LONDON, UNITED KINGDOM—The sordid four-year national drama that saw three brutal elections and felled two Prime Ministers has finally come to an end, as Brexit—the United Kingdom’s exit from the European Union—officially arrived at 23:00 GMT on January 31. Over the past few weeks, British Prime Minister Boris Johnson’s formal Withdrawal Agreement has passed through both Houses of Parliament as well as the European Parliament, paving the way for the United Kingdom to leave the European Union and enter a transition period that will last until the end of the year.

For many Britons, the moment stung of anticlimax. Four years of constant wrangling has left the country electorally fatigued, and the celebrations planned by the Conservative government to mark the withdrawal were largely muted. In London, activists joined hands and sang “God Save the Queen”; Big Ben, currently under renovations, stayed silent. Miles to the north, in Edinburgh, Scottish voters held solemn vigils and sadly mourned the end of an era.

How did we get to this point?

Since its inception in 1951, the European Union—then the European Steel and Coal Community (ECSC) and the European Economic Community (EEC)—has always received a cold shoulder from the British.

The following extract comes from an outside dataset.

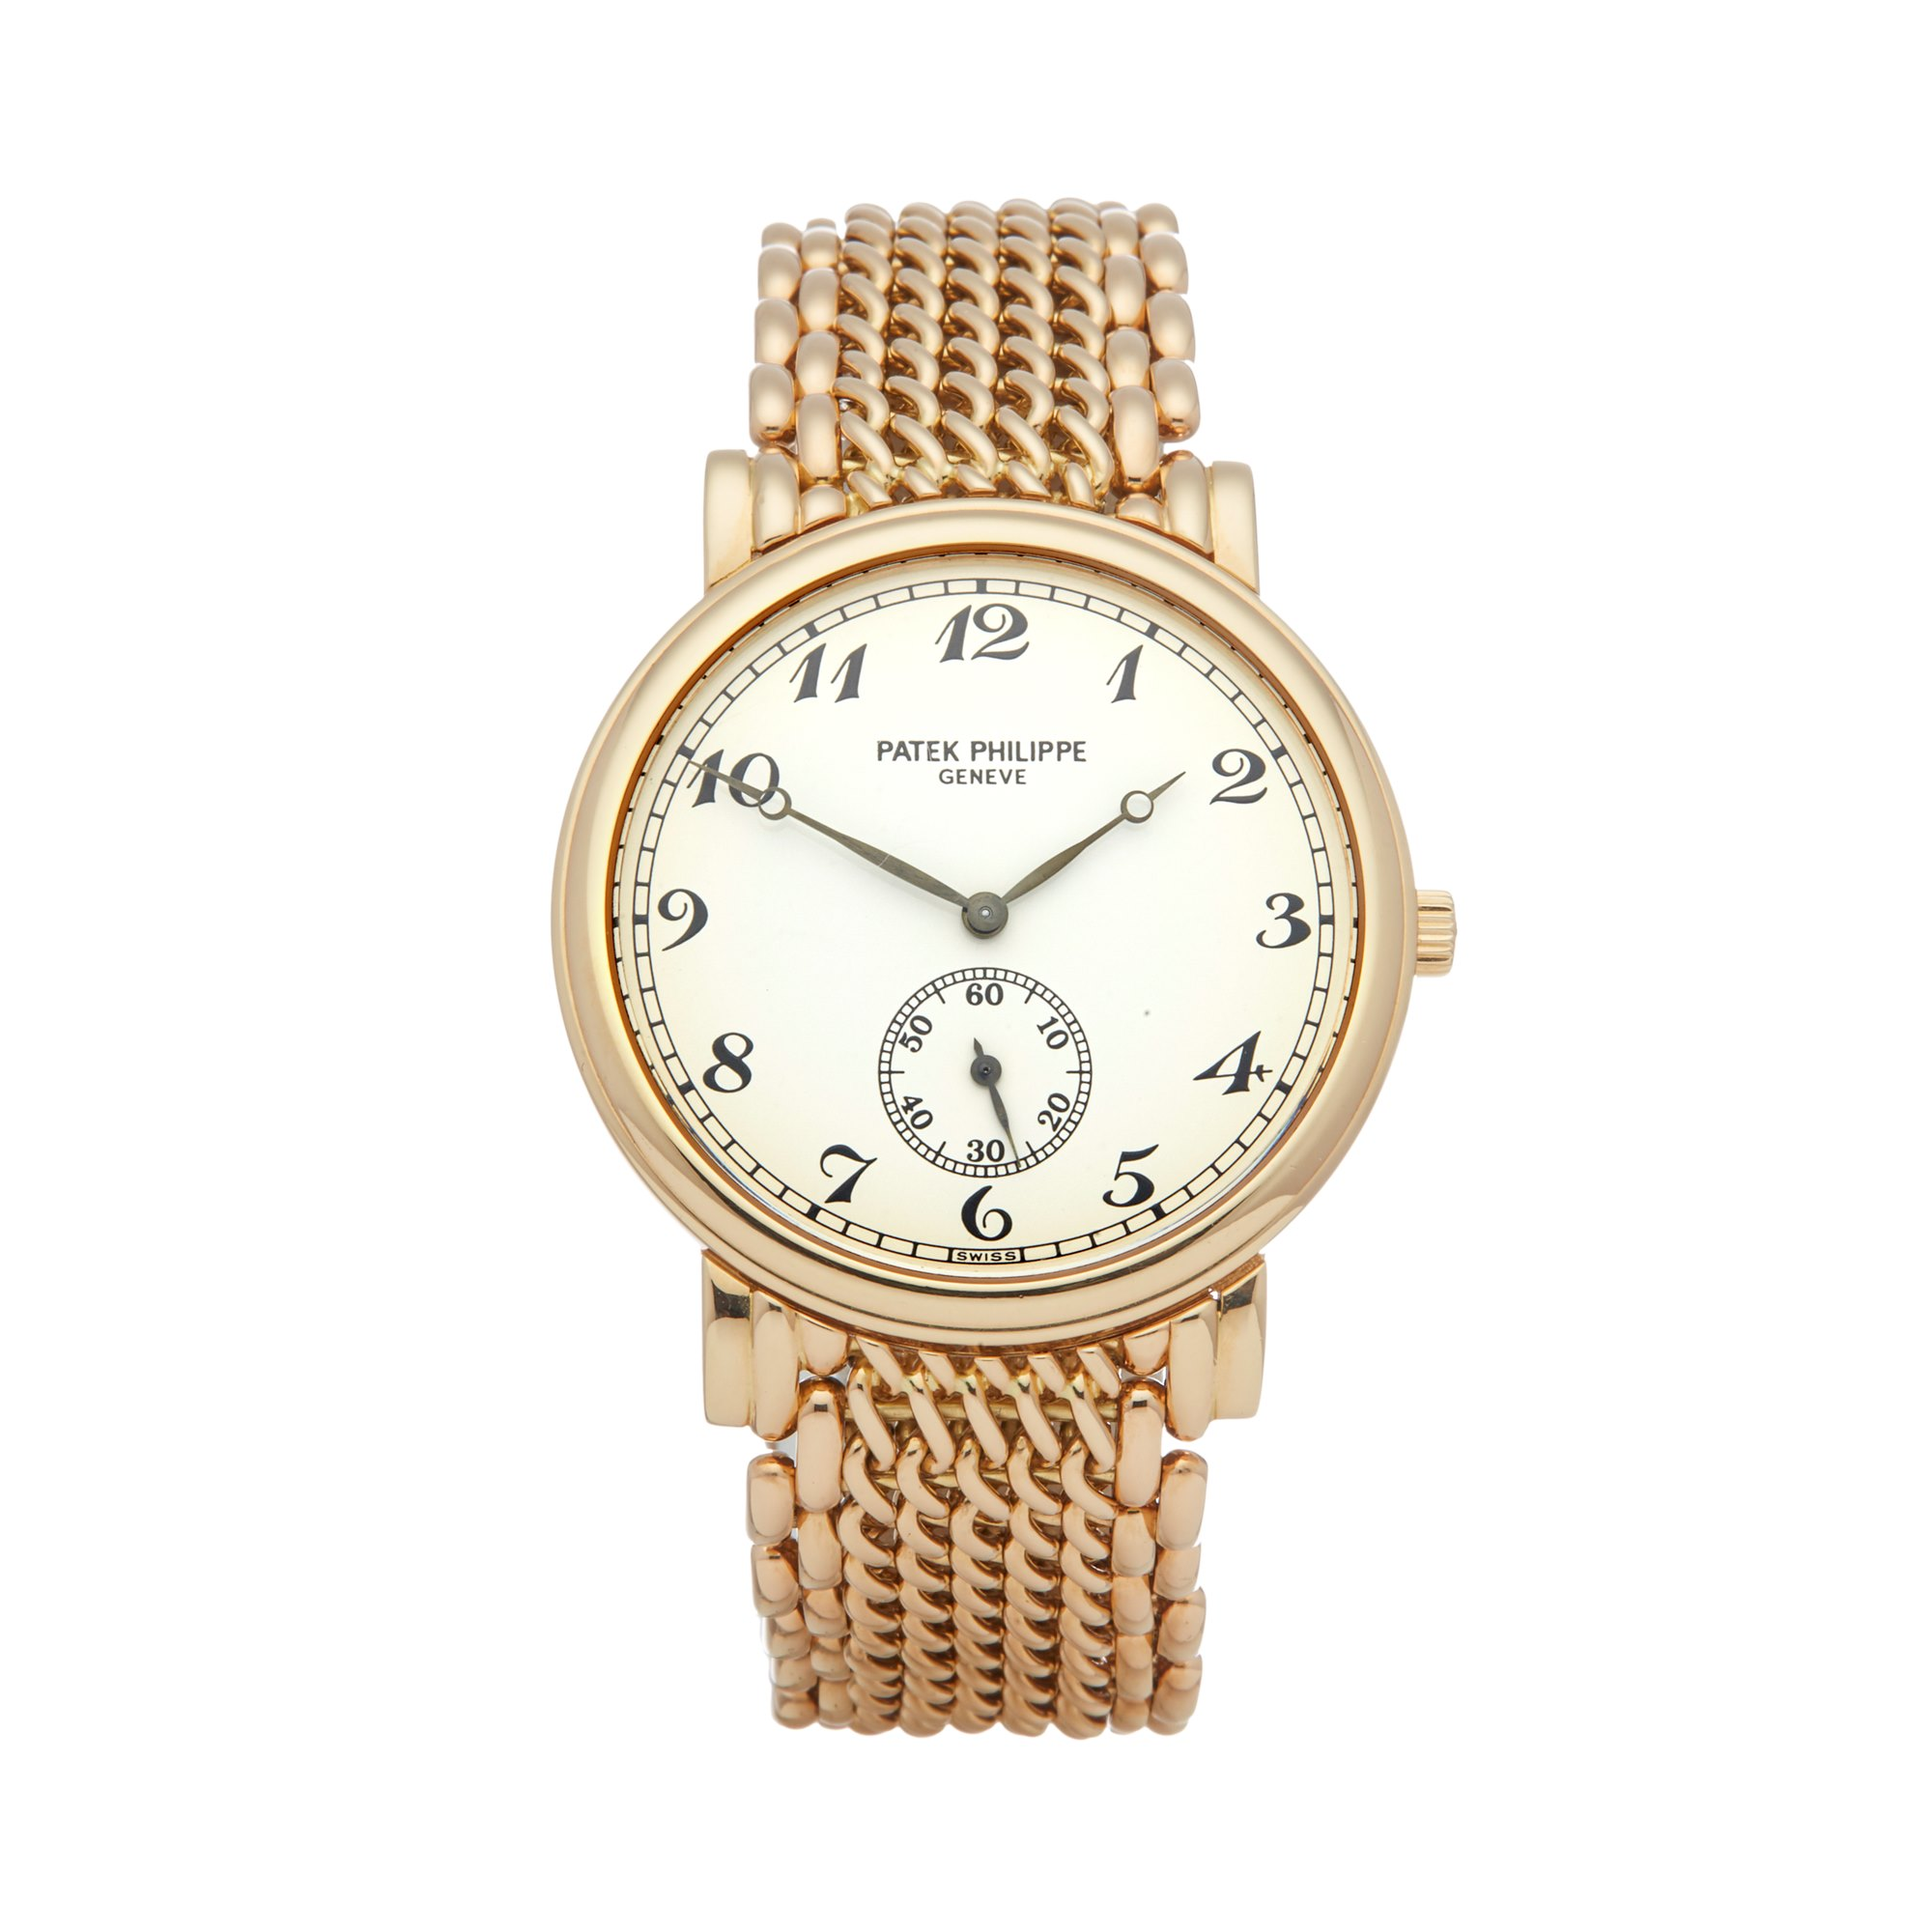 Lot 14 - Patek Philippe Calatrava 5502/1 Men Yellow Gold Watch

Designed to tie together the economies of Europe so as to render future world war “not only unthinkable but materially impossible”, Germany and France integrated their industrial production, in particular their coal and steel markets, under a single authority. The United Kingdom, preferring to nurture its “Special Relationship” with the United States, stayed pointedly aloof for years.

When the United Kingdom at last tried to join the EEC in 1963, French President Charles de Gaulle infamously vetoed their application with the single word “non”, which came to summarize the continental European outlook towards Britain for many years. Eventually, after de Gaulle’s death, the United Kingdom applied again and was awarded membership in the EEC in 1973, as well as the full European Union when it was created in 1993. Yet they still maintained an independent streak, refusing to join the Schengen Area in 1995 (allowing free travel across EU borders) or the Eurozone in 1999 (establishing a single currency, the euro, which the British eschewed in favor of their pound sterling).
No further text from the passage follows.